B. Require by statute or regulation that mortgage servicers provide detailed reporting on their loss mitigation efforts and outcomes, and publicize that data on a company-specific basis.

C. Enact legislation that requires entities to provide proof of ownership of the mortgage note and their authority to foreclose on the borrower before moving to foreclose.

D. Advocate through a Resolution or otherwise that the U.S. Treasury embark on a concentrated, multi-pronged effort to increase affordable loan modifications made through the Troubled Asset Relief Program (TARP).

E. Advocate through a Resolution or otherwise that Congress and the President close the bankruptcy loophole and allow federal bankruptcy judges to modify the mortgage loan on a person's primary residence in bankruptcy, and prevent hundreds of thousands of foreclosures.

Policy Objective #2

Reform the mortgage system, increase consumer protections and improve enforcement.
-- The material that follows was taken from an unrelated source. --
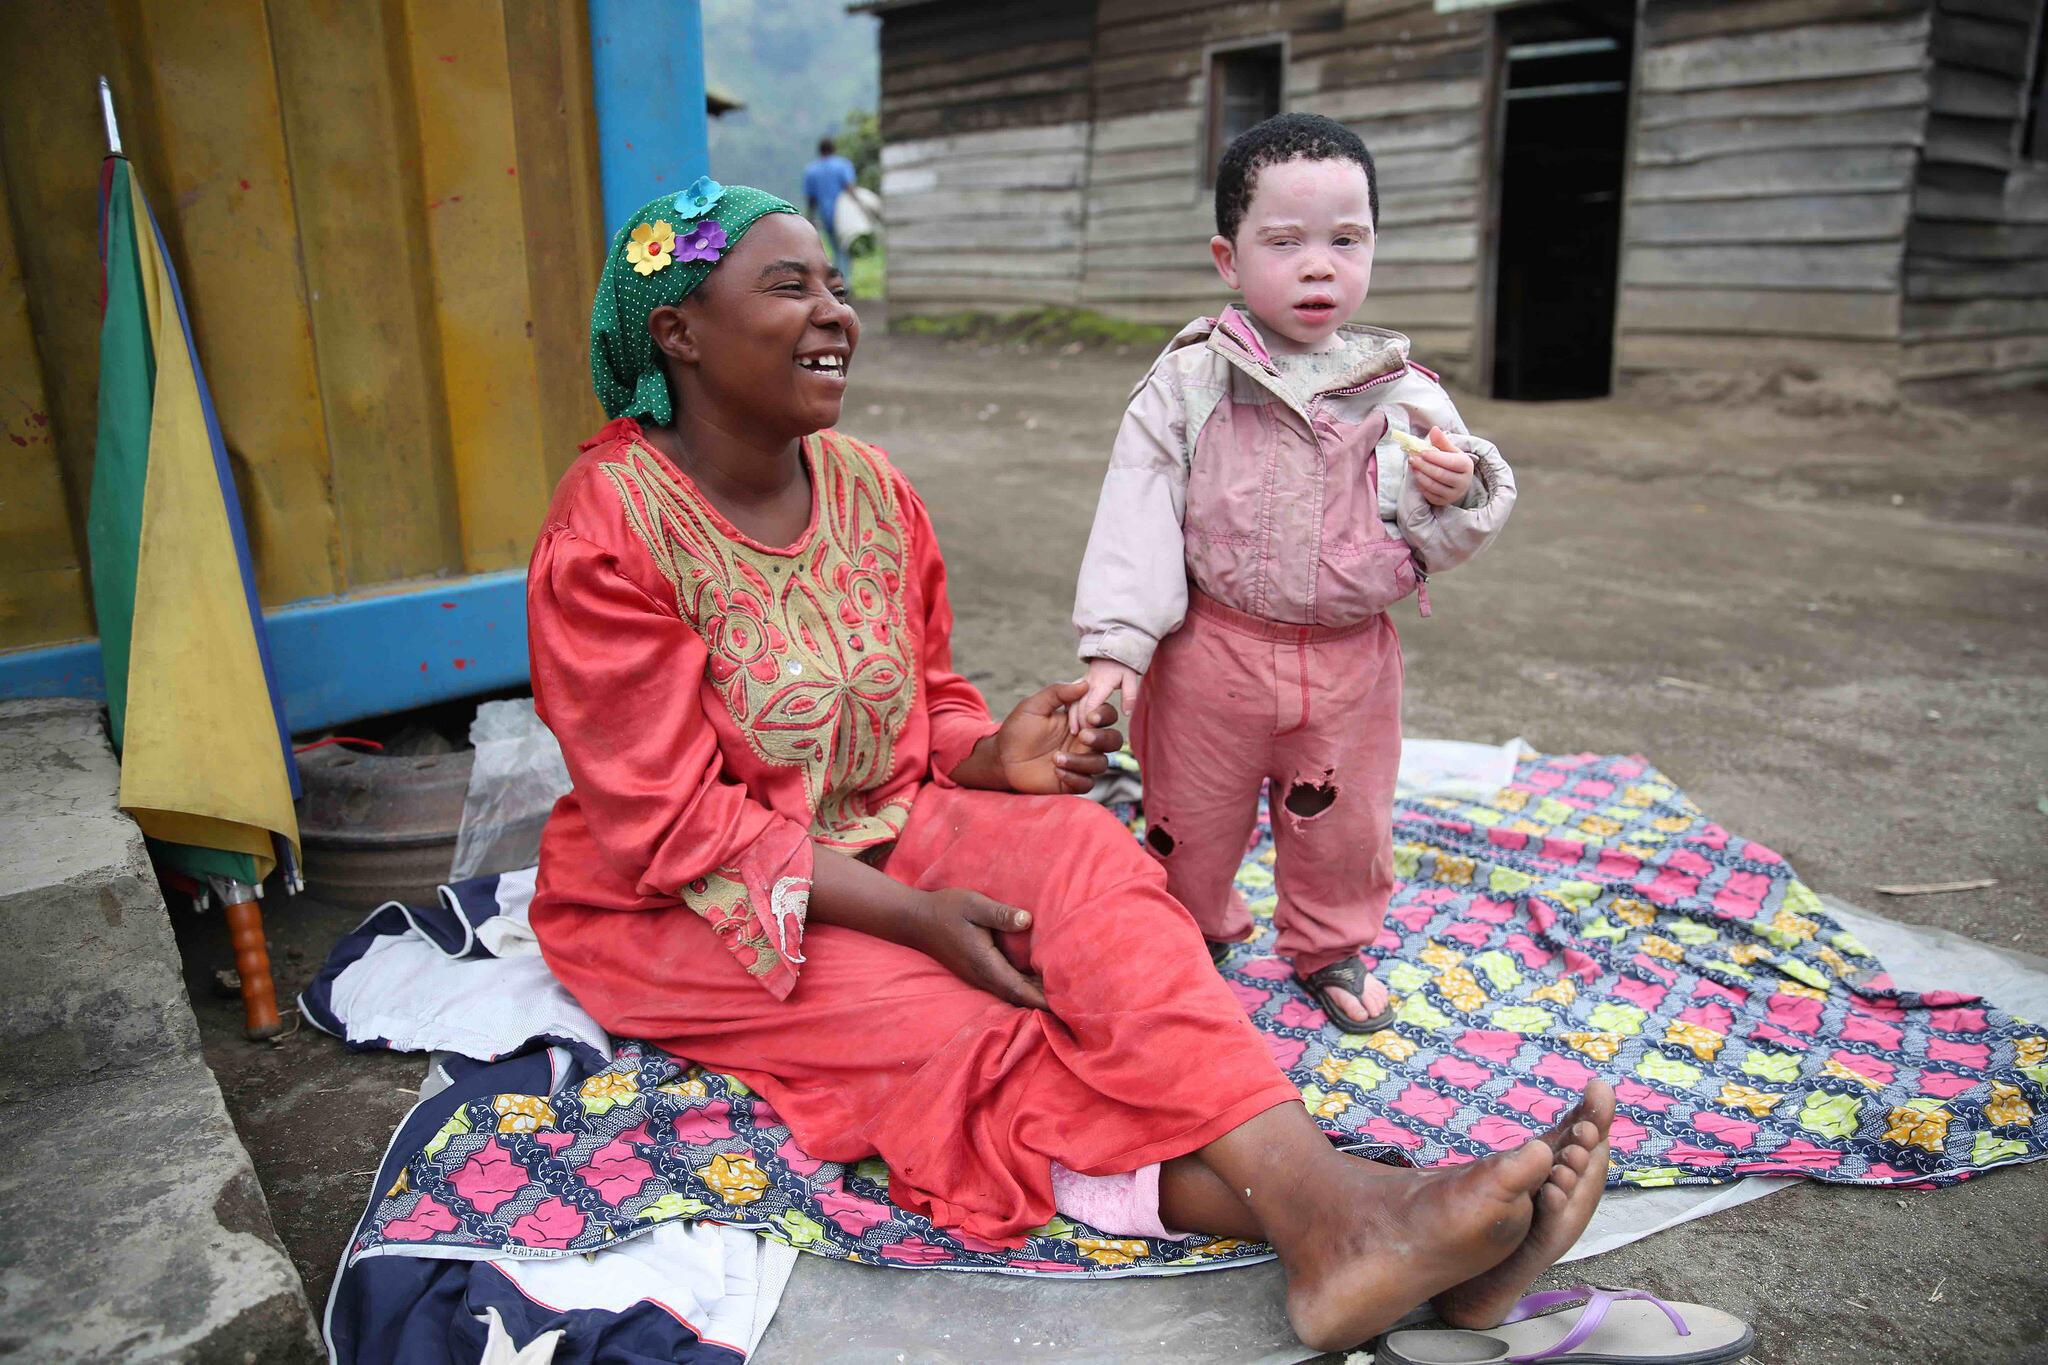 Nyabibale, Province du Nord Kivu, RD Congo : Une maman et son enfant albinos s'amusent. Aujourd'hui est célébrée la Journée internationale de sensibilisation à l'albinisme.

Existing California "predatory lending" law applies only to the highest cost mortgages (few of which have been made in recent years), and other California law regulates little, if any, of the mortgage market. The record foreclosure levels in California, however, are concentrated in the subprime and nontraditional (Alt-A) markets. Recent federal regulations apply only to "higher-priced" mortgages, which generally include subprime loans, but the regulations leave out risky nontraditional mortgages. Moreover, the "guidelines" that California adopted with respect to nontraditional mortgages have no enforcement mechanism. Given California's significant national market share of risky nontraditional loans (in the range of 50% or more), it is all the more important that real reform measures and enforcement mechanisms include nontraditional loans. Similarly, Department of Real Estate-licensed mortgage brokers, who played a significant role in the mortgage boom and bust, have had little regulation and less enforcement. For example, these brokers are not required to place a bond or show a minimum financial net worth for licensing, one of only a handful of states without such a requirement.

Recommended Actions

CRL urges the Legislature and the Governor to do the following:

A. Require that recently expanded federal regulatory protections cover nontraditional mortgage loans in California. These regulations would include basic requirements like evaluating the borrower's ability to repay the loan at full interest rates (not the teaser rates), verifying borrower income, limiting prepayment penalties, and requiring borrowers to make escrow payments for insurance and taxes.

B. Enact legislation to regulate mortgage brokers that would eliminate misaligned incentives and strengthen protections, including 1) imposing strict duties on brokers (including a fiduciary duty); 2) banning yield spread premiums (kickbacks from lenders to brokers for placing borrowers in higher cost loans) on subprime and nontraditional loans; 3) prohibiting brokers from steering borrowers to loans that are more costly than those for which they qualify; 4) imposing a loan suitability-type requirement; and 5) establishing a bond requirement.

C. Enact legislation to prohibit prepayment penalties from all subprime loans. These fees serve to trap families in bad loans, penalize them for improving their credit record, and strip their equity.

D. Enact legislation that includes strong enforcement mechanisms in California, including local enforcement authority, and allowing harmed borrowers to enforce violations and seek redress.

E. Advocate that Congress pass a strong predatory lending bill, like S. 2452 (Dodd).